In my research I always look for flood plains, never thought to look for drought!


----------



## ChristieAcres (Apr 11, 2009)

Don't forget to look for hurricane & tornado areas...

Point in, when you KNOW there will be drought, avoid those areas unless you want to deal with it, same goes for everything that is a definite, like flooding. Earthquakes? Never definite, unless high frequency... Tornadoes, regular yearly intense catastrophic storms, hurricanes, etc... which are all regular events? I'll pass.

When we chose our property, DH was disappointed we didn't have as much acreage that was "flat," but I thought it was great to have areas we could work with. We have almost 5 acres in 2nd growth timber, beautiful trees, and have made $18,000 in selling what needed to be cleared.

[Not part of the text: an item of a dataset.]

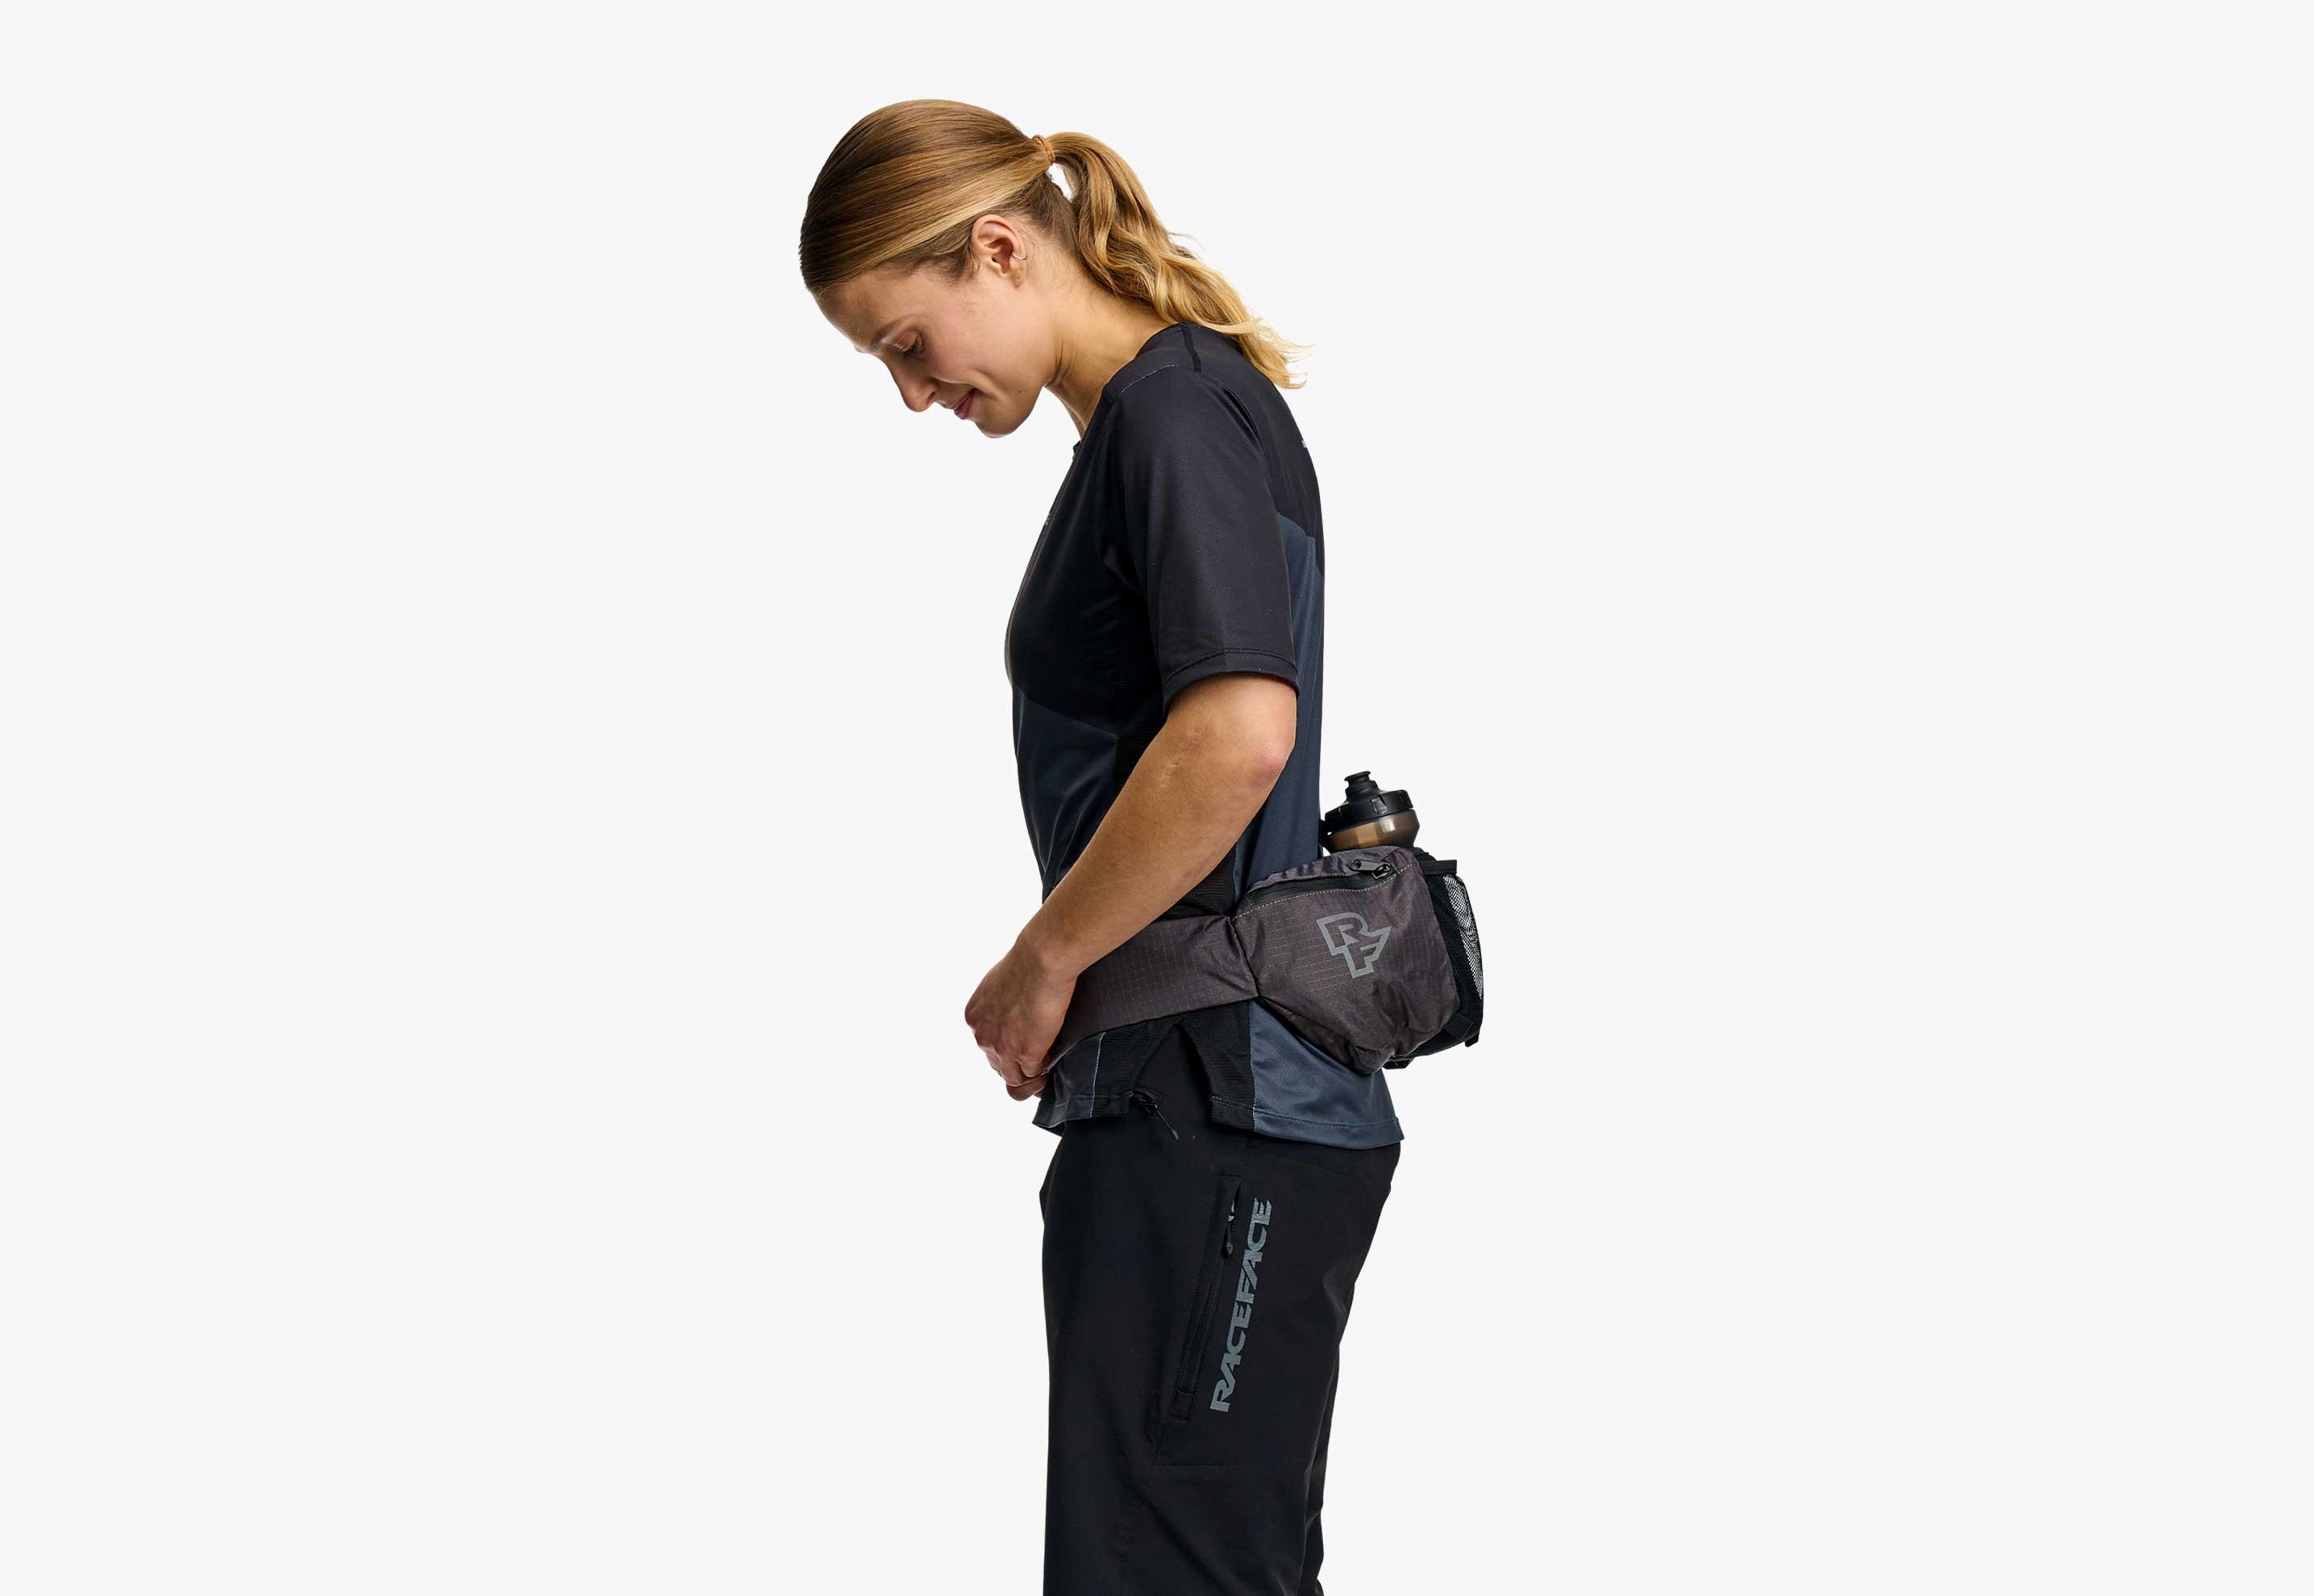 Stash Quick Rip 1.5L Bag

Since we only have 6.68 acres, still close to 5 acres in forest, kind of cool. We don't have any areas which are very flat, but gently slanting to the E, gently rolling, and mixed topography. When our area was hit with the 100 yr flood, the results were catastrophic. Yet, since water runs downhill, and our topography allows water to drain without collecting in spots? We suffered no damage. The back edge of our property, through our forest, is about twenty feet from a steep ascent to a year around creek.

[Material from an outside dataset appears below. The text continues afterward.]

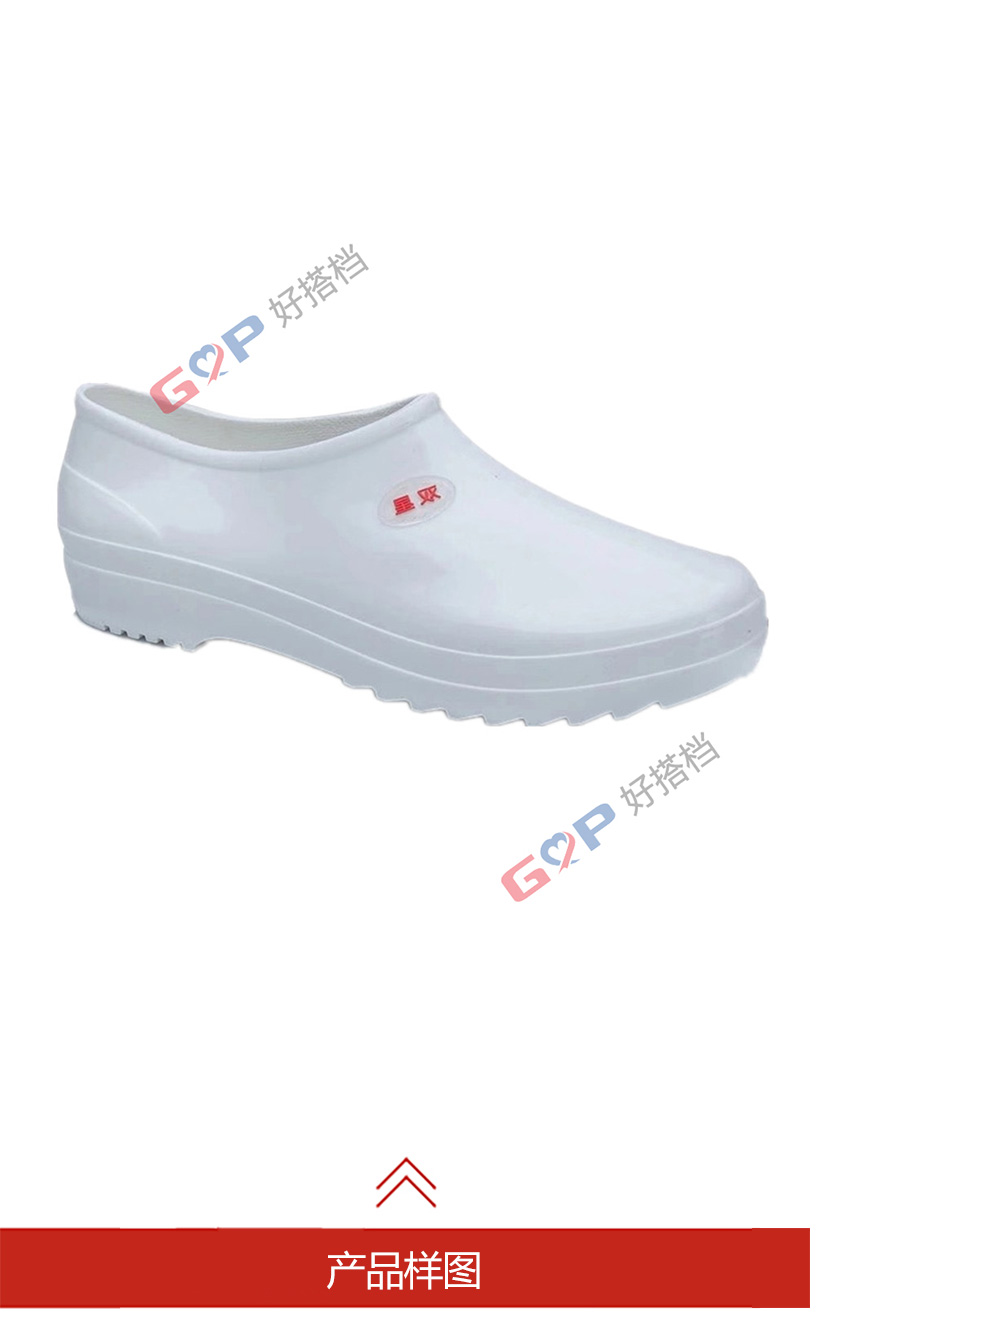 3-011A低帮胶鞋食品级

There is a gal I know of, who has been searching for farm type property here where I live (for an entire year). Her vision includes fields. That is very hard to find here!

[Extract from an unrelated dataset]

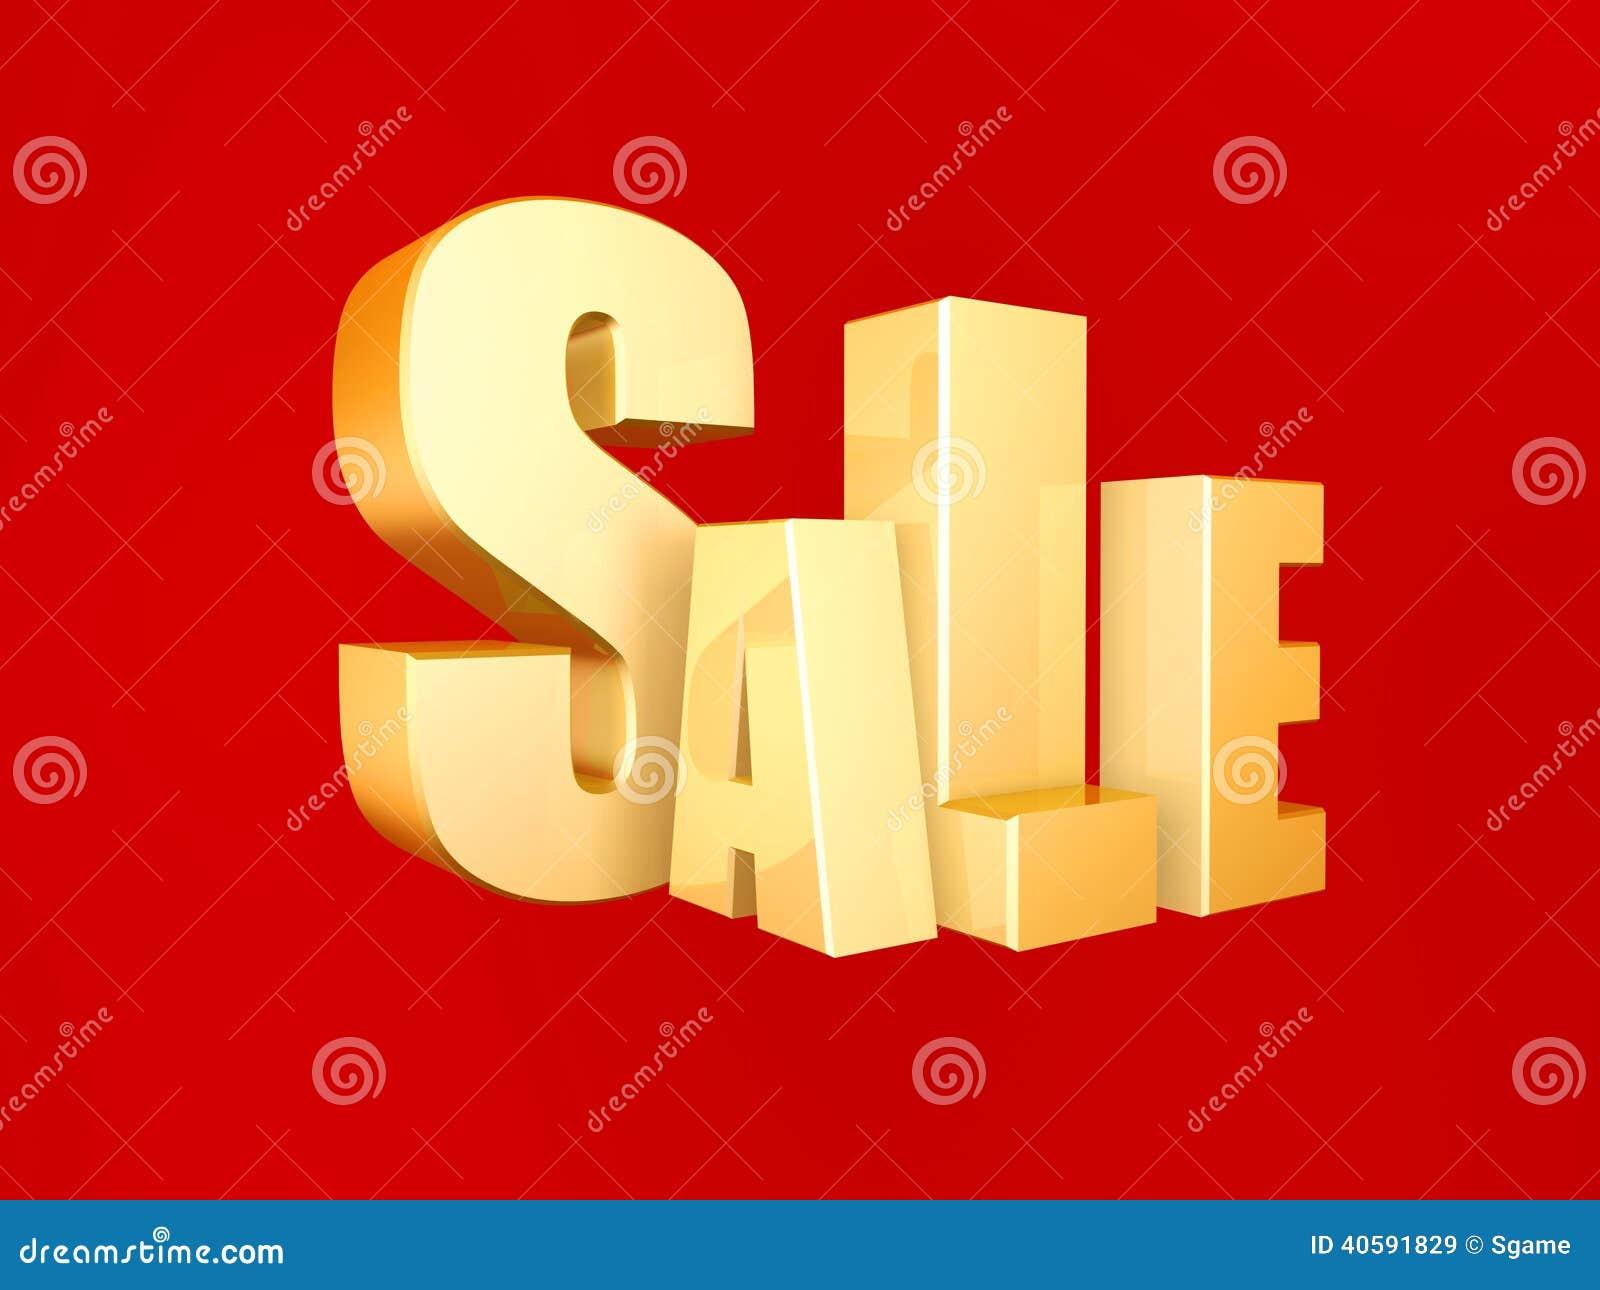 символ продажи 3d

We get plenty of rain, would rather have that, than not enough. I have lived in Western WA for 22 years, yet have only been through a few quakes. Nothing significant.

Bottom line, you can't avoid everything. Yet, it would be wise to move to where you can grow your own fruits, veggies, and raise your critters without suffering from drought.


----------



## Cyngbaeld (May 20, 2004)

In some areas you have to watch for poultry houses anywhere there are good stretches of flat land. Much land in the south has been ruined with these. You can see them on satellite photos when you start locating the property.


----------



## Dreamfarm (Dec 10, 2011)

Cyngbaeld said:


> In some areas you have to watch for poultry houses anywhere there are good stretches of flat land. Much land in the south has been ruined with these. You can see them on satellite photos when you start locating the property.


 What is wrong with poultry houses? The smell? or the butterfly effect?


----------



## ChristieAcres (Apr 11, 2009)

Dreamfarm said:


> What is wrong with poultry houses? The smell? or the butterfly effect?


I am wondering, too?! On flat land here? FLOODING!!! :bash: All that rain has to go somewhere...


----------



## greenacresusa (Jun 20, 2005)

I grew up helping out at my grandfather's chicken farm and it's most definetly the smell that will get to most people. After while you get used to it (some) but you wouldn't be popular if you plan family gatherings at your place if you're next to a chicken/turkey farm!! LOL!!!!! 

Also if not properly taken care of chicken farms can attrack tons of flies. Most of them are regualated now but it can happen. We had that case about 6 miles from here that was in the newpapers for months until they were fined. 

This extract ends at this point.